Ist Cadmium aus Frankreich gefährlich?

Zuletzt aktualisiert
28.05.26
Cadmium in Luxembourg

Roman Synkevych, Unsplash

Ende März veröffentlichte die französische Nationale Agentur für Ernährung, Umwelt sowie Gesundheit und Sicherheit am Arbeitsplatz (ANSES) eine dringende Warnung, wonach fast die Hälfte der französischen Bevölkerung überhöhten Cadmiumkonzentrationen ausgesetzt ist.

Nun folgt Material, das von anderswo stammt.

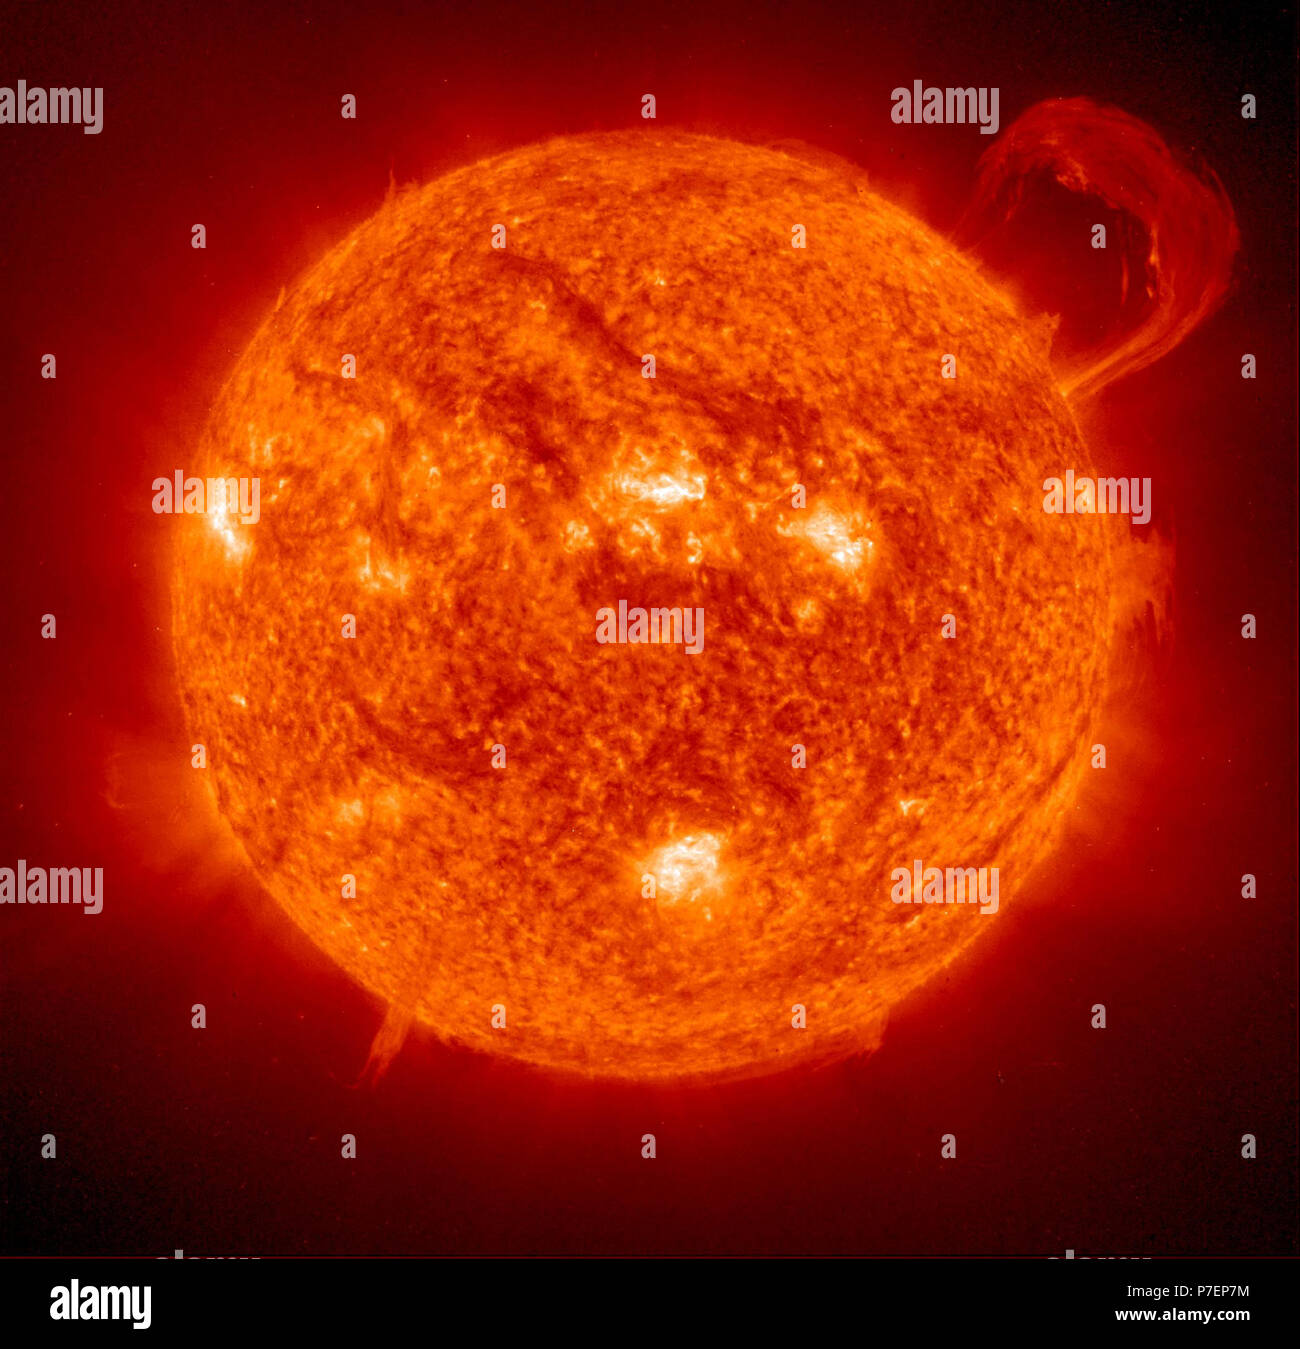 Hot thin Corona der Sonne. Die NASA-Extreme Ultraviolet Imaging Telescope an Bord der ESA-Raumsonde SOHO nahm dieses Bild eines riesigen, Griff-Form in 1999. Protuberanzen sind riesige Wolken von relativ kühl dichtes Plasma in heißen, dünne Korona der Sonne ausgesetzt. Stockfoto

Dieses giftige Schwermetall ist offiziell als krebserregender und erbgutverändernder Stoff eingestuft und stellt ein ernsthaftes Risiko für das Fortpflanzungssystem dar. Cadmium reichert sich über viele Jahre hinweg im menschlichen Körper an, vor allem in den Nieren und im Knochengewebe, und wird nur äußerst langsam ausgeschieden. Eine langfristige Exposition gegenüber diesem Element steht in direktem Zusammenhang mit der Entstehung von Nierenversagen und Osteoporose sowie einem erhöhten Risiko für verschiedene Krebsarten.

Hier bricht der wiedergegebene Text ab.